A string is given, in which words and numbers are separated by a space. It is necessary to find three words in a row in this line.

def m (words) : a = 0 for w in words.split() : pass while w.isalpha() is True : a += 1 if a == 3 : return True else : return False # вот на этом я застрял.
  • My code does not work gives False all the time. - D.Ryksd
  • Give the source data for your example, what are you testing? - Alexcei Shmakov
  • On IDLE I'm testing. Suppose words = 'ddd ddd ddd 55 88', should output True in theory and displays False. - D.Ryksd
  • And if you remove the bottom two lines, it will output True - D.Ryksd

3 answers 3

Here is the function that does what you need.

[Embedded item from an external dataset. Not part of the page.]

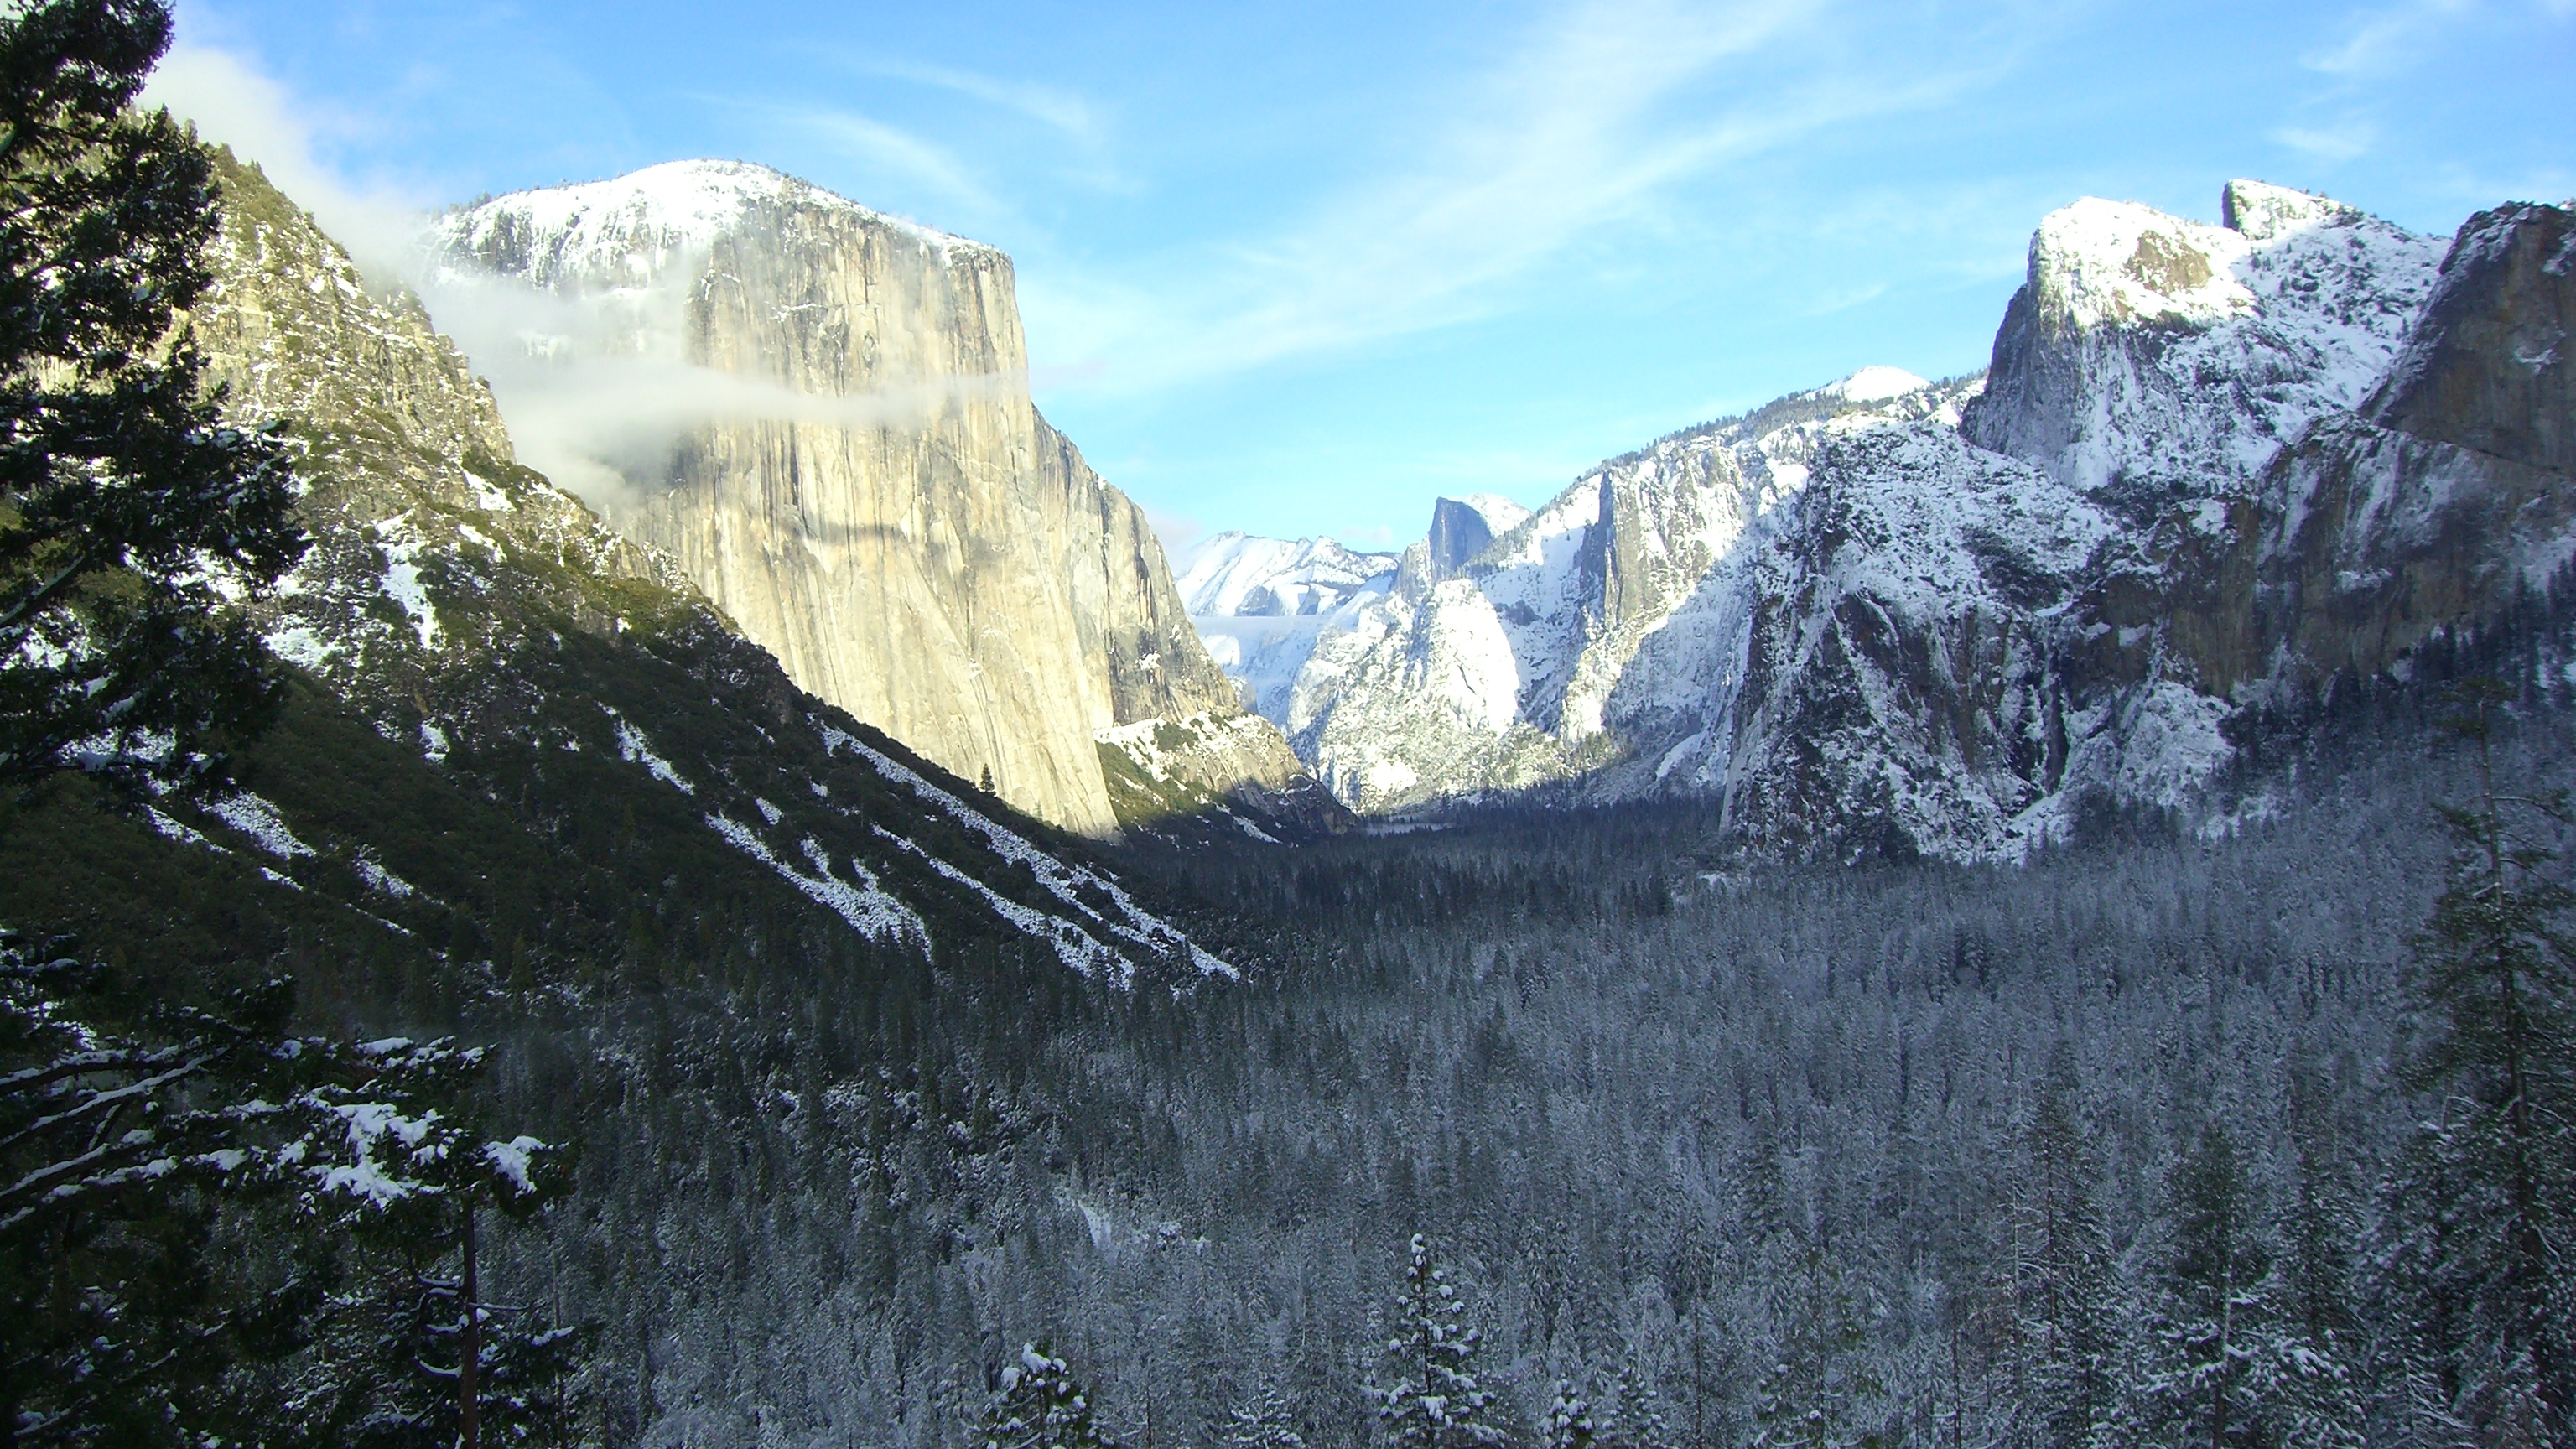 El Capitan - Yosemite National Park, Yosemite Valley - HD Wallpaper

 def m (words) : count = 0 for w in words.split() : if w.isalpha() : count += 1 if count == 3 : return True else : count = 0 return False # вот на этом я застрял.

The function runs according to the words in the loop. If the word consists of letters (the isalpha () function checks it), then it accumulates a counter (incrementing the variable), otherwise it resets it to zero. If the counter has accumulated from three words, then we have found words in line 3 in a row.

  • I would remove the second if in the then section of the first to avoid unnecessary checks. - user194374
  • @kff, of course, thanks for the advice. And he did. - Alexcei Shmakov

The problem can be solved, for example, as follows:

 def three_words(s): t = s.split() start = end = 0 while end < len(t): if t[end].isalpha(): if end - start >= 2: return t[start:end + 1] end += 1 else: start = end = end + 1

The method will return a list of the first three words encountered in a row or None if there is no such group of words.

    To find three words in a row in a line and display them:

     words = text.split() for triple in zip(words, words[1:], words[2:]): if all(s.isalpha() for s in triple): print(*triple) break else: print("not found")

    This is straightforward for Python programmer code, but it performs unnecessary copying and comparison.

    Here is the code that is similar to the solution that uses the count from the @Alexcei Shmakov answer — this option prints the three words itself, and not only is it on the line, like the count solution:

     triple = [] for s in text.split(): if s.isalpha(): triple.append(s) if len(triple) == 3: print(*triple) break else: del triple[:] # empty else: print("not found")

    In order not to create a possibly large list of strings separated by a space, you can use regular expressions:

     import re m = re.search(r'\s+'.join([r'[^\d\s]+']*3), text) print(m.group() if m else "not found")

    This option looks for characters that are not numbers, spaces (which is suitable for setting the problem in question), since the re module does not support the analog str.isalpha . regex module supports \p{Letter} .

    Measurements can show whether there is a performance difference for the actual input.